La modération du commerce international par rapport à la croissance du PNB mondial et le recul du commerce mondial de marchandise sont des processus qui ont commencé il y a déjà plusieurs années pour des raisons bien connues (développement technologique, prise en compte croissante des aspects de la politique de sécurité, protectionnisme, etc.). Le choc de la pandémie a largement accéléré ce processus déjà en cours. Cependant, la pandémie n’a pas tout changé, elle n’a pas supprimé la mondialisation – contrairement à ce que certains avaient prévu – mais elle a produit une accélération – ou un ralentissement – de certains processus, comme le recul du commerce international, en particulier celui des marchandises. En tout état de cause, la mondialisation subit aujourd’hui une transformation et une restructuration importante, mais se maintient. Le commerce mondial devra être et sera conservé – et nous l’espérons, mieux réglementé – dans l’intérêt non seulement de l’économie mondiale, mais aussi de l’humanité.

Dans le même temps, il est évident qu’il faut renforcer la résilience économique. Cela nécessite la mise en place rapide d’actions visant à modérer certains mouvements internationaux et donc, la mondialisation des choses. Dans la mesure où le renforcement de la résilience est le facteur fondamental du renforcement de la sécurité des États, la sécurité collective devient le facteur central et la considération prédominante dans tous les domaines (y compris économiques, financiers et commerciaux) de l’action politique des États souverains.

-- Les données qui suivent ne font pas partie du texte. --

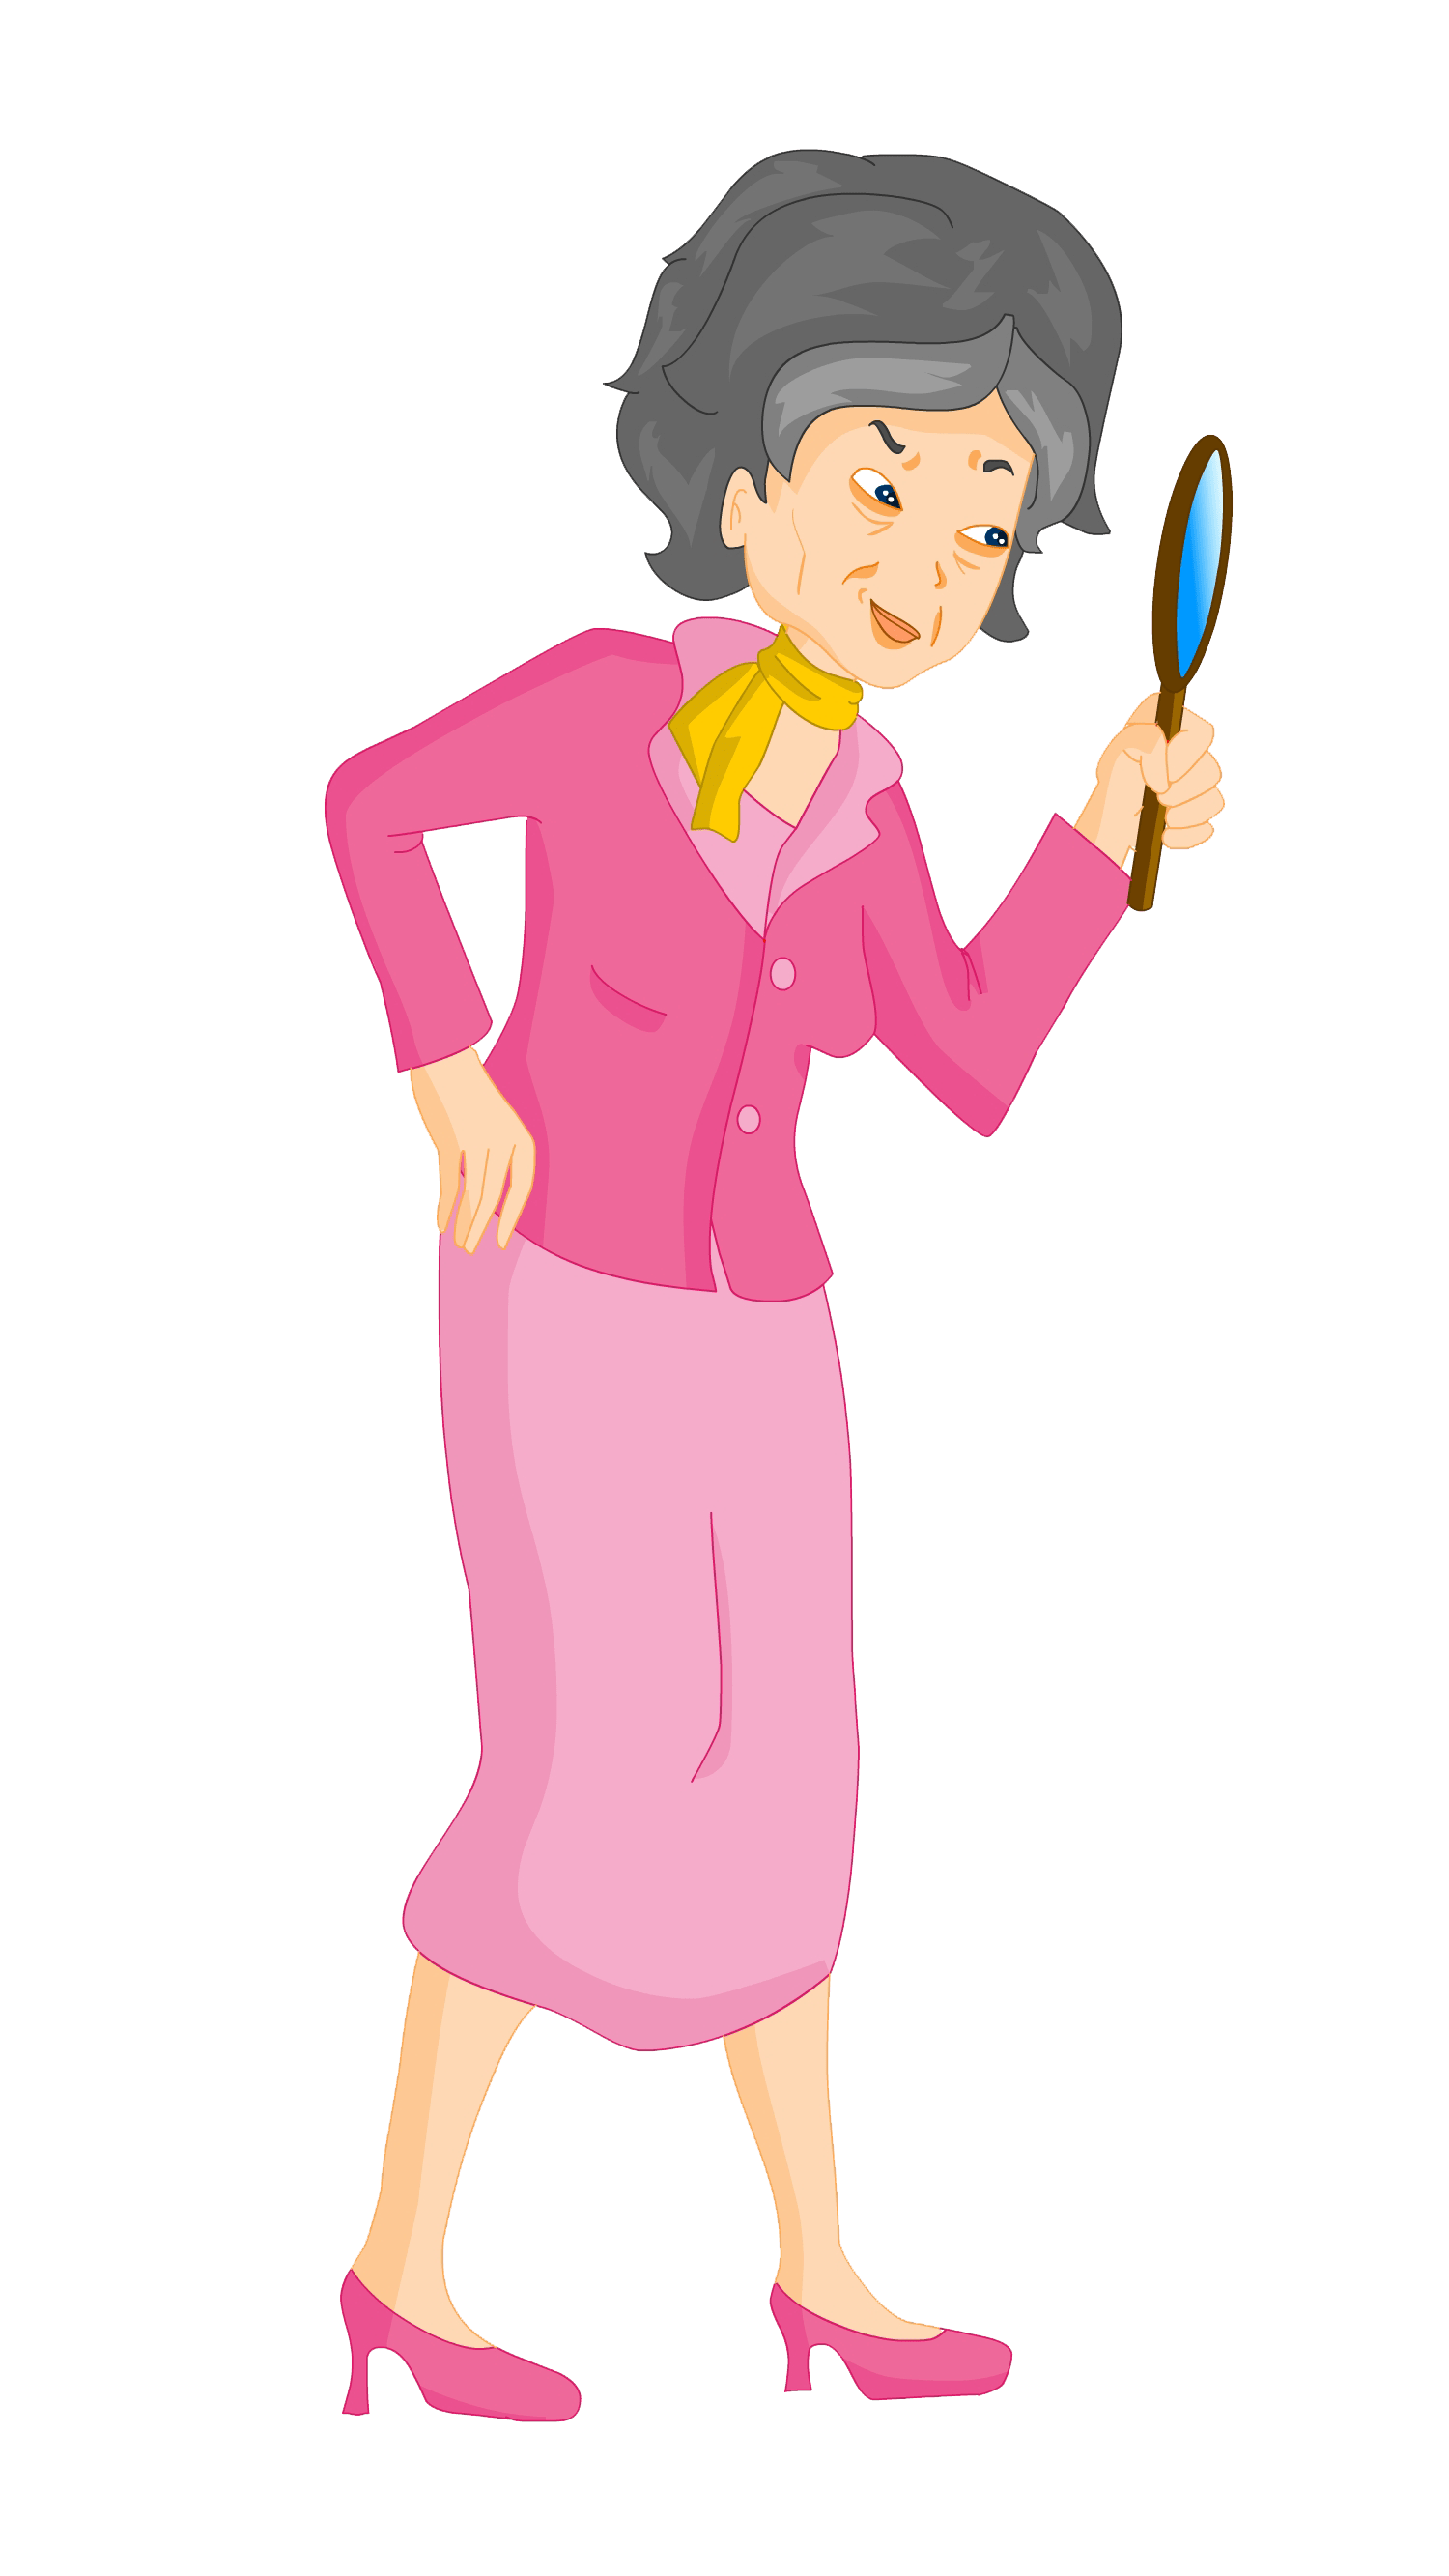 Detective clipart mystery story. Like cozy mysteries author
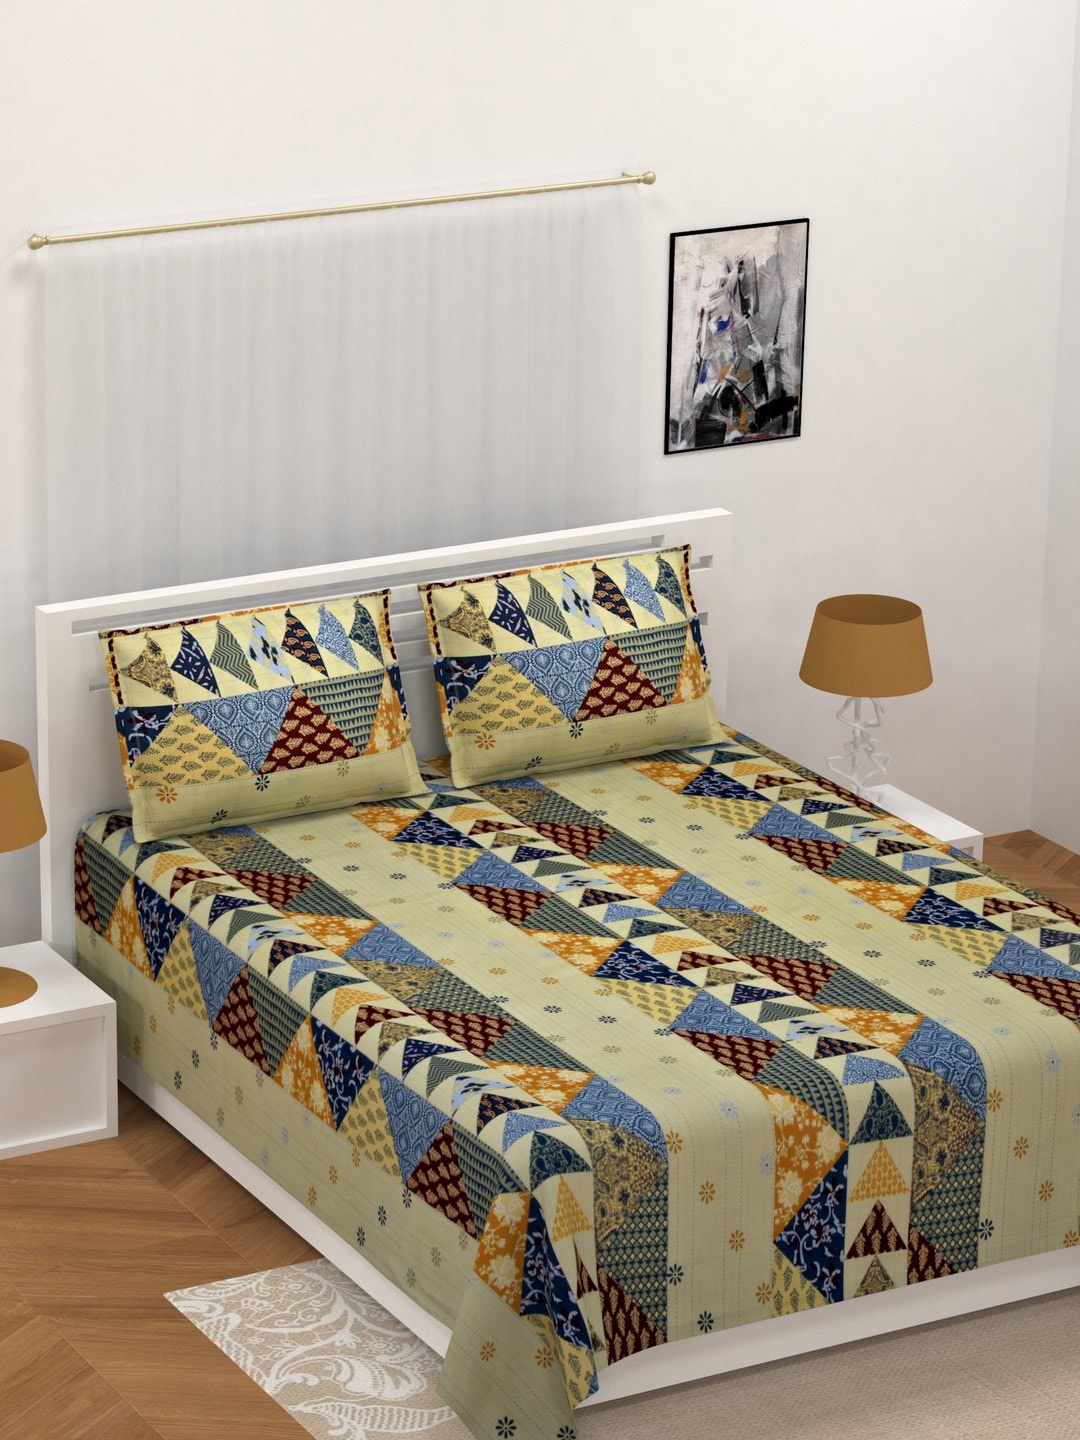 eCraftIndia Beige & Blue Kantha Patchwork Printed 210 TC Cotton Double King Bedsheet With 2 Pillow Covers Price in India

Les effets de la crise sont divers et variables, mais ce qui est absolument sûr, c’est que le monde change et qu’il change rapidement. Les effets de la pandémie auront des impacts très différents et inégaux, notamment ils augmenteront les inégalités existantes dans tous les domaines. Les gagnants seront ceux en mesure de s’adapter plus rapidement, plus efficacement que les autres. Ceux qui ne le feront pas seront les perdants. Il est encore trop tôt pour tirer des conclusions définitives concernant les conséquences économiques et géopolitiques de la pandémie, mais la capacité d’adaptation et la rapidité d’action seront certainement des facteurs déterminant de l’avenir, notamment de la compétition entre les États.

Pour l’Union Européenne il faut que les travaux entamés avant la crise, soient accélérés et approfondis. L’Europe doit maintenant démontrer sa capacité d’adaptation et, ce, peut-être même plus vite que les autres. Ce principe, s’applique également pour les États membres, qui, certes sont souverains, mais doivent être capables d’agir ensemble, en particulier dans les situations d’urgence.

En même temps, on peut espérer que l’Union et ses États membres seront également capables de se renouveler et de se renforcer, dans le domaine de la technologie, de la démographie, autrement dit, deux domaines cruciaux et plus largement liés à la culture – et dans un sens plus profond – à l’identité européenne. La technologie comme la démographie sont les deux défis où nous avons perdu déjà beaucoup de poids. Il faut donc renforcer la dimension culturelle de l’intégration européenne, en bref, l’identité européenne ».